In a Wednesday termination letter to the CEO of the authority, Federal Railroad Administration Acting Administrator Drew Feeley wrote that the CHSRA “breached the commitments” it made in its original agreements, specifically by displaying an “inability to complete” the goals it set out to reach.
“After over a decade of failures, CHSRA’s mismanagement and incompetence has proven it cannot build its train to nowhere on time or on budget,” Duffy said in a statement. “It’s time for this boondoggle to die.”
The railroad authority did not immediately respond to a request for comment. In a social media post, California Gov. Gavin Newsom said the state will be “exploring all options to fight this illegal action.”
President Donald Trump praised his administration’s work in terminating the project in a Truth Social post Wednesday night, calling Newsom “incompetent.”
“The Railroad we were promised still does not exist, and never will,” Trump wrote. “This project was Severely Overpriced, Overregulated, and NEVER DELIVERED.”

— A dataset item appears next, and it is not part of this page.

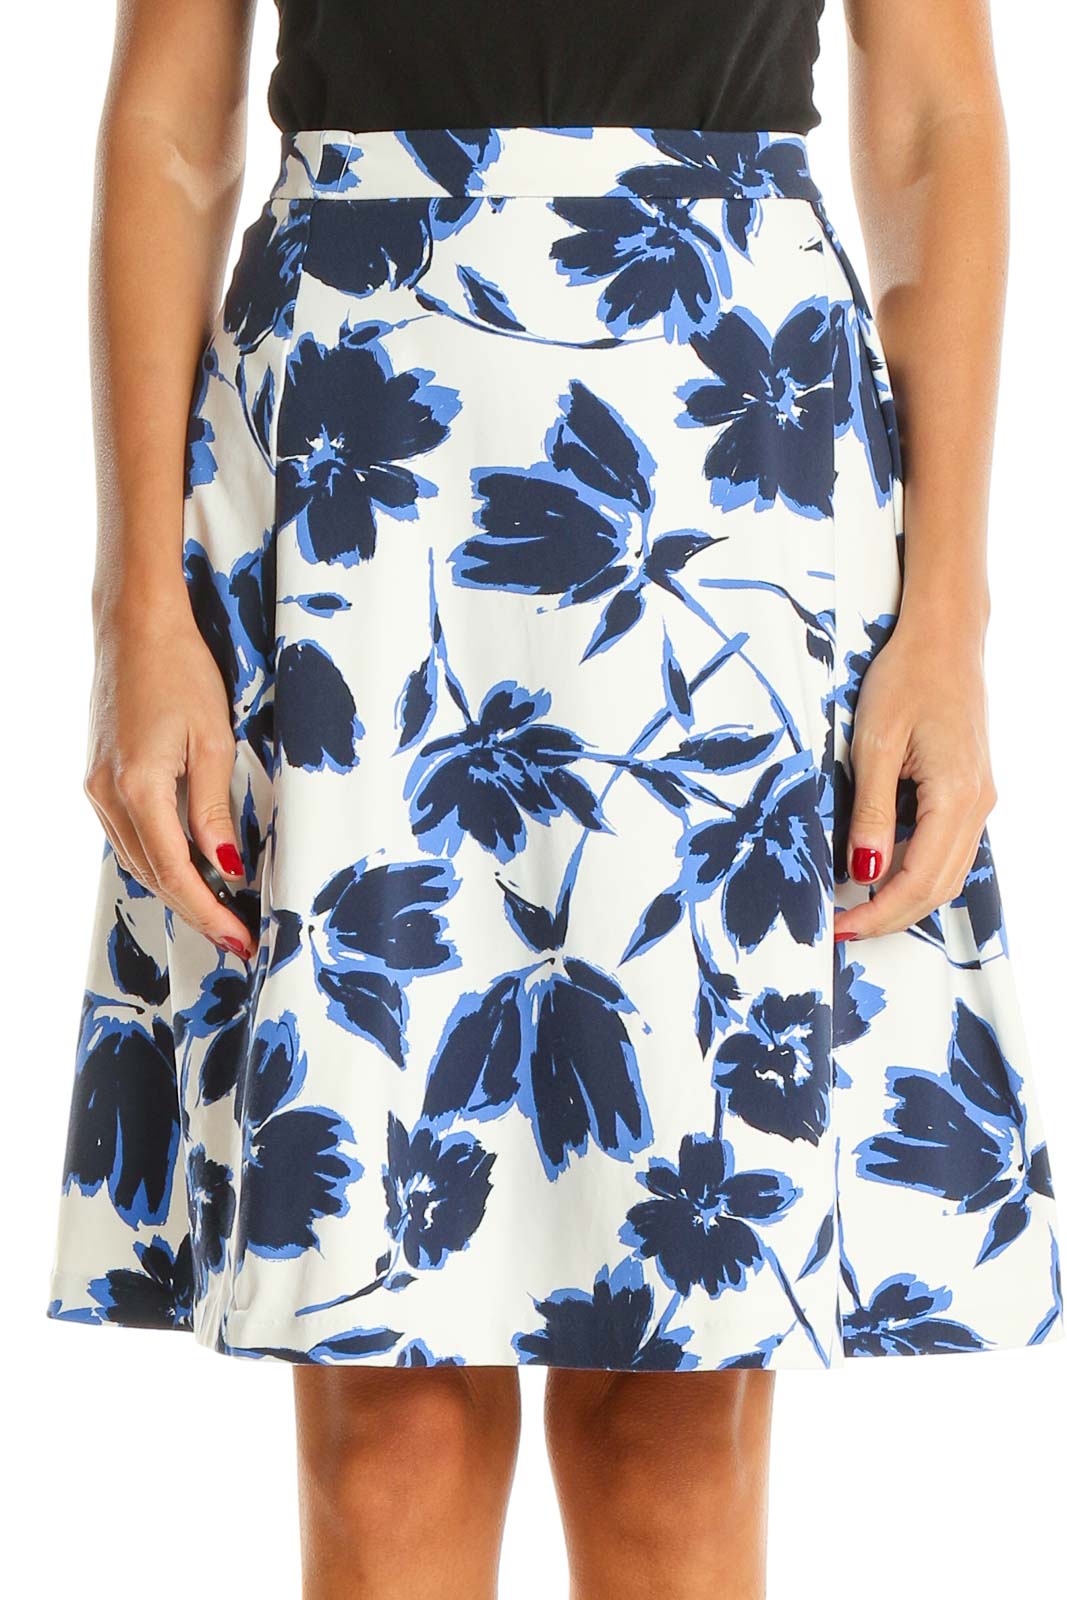 White Blue Floral Print Chic A-Line Skirt Front

The high-speed rail efforts began in 2009, aiming to build a train that connected Los Angeles and San Francisco in under three hours. Newsom trimmed that vision a decade later, setting out to connect just a 170-mile stretch of land between Merced and Bakersfield.
The current iteration of the project was projected to cost around $22 billion, according to the Federal Railroad Administration, with a projected end-date of 2033.
A June report produced by the Trump administration concluded that the project had “no viable path” to completion, and alleged breaches of its federal contracts, including overdue deadlines and funding gaps.
The railroad group system told CNBC at the time that most of the project’s funding is provided by the state, not the federal government.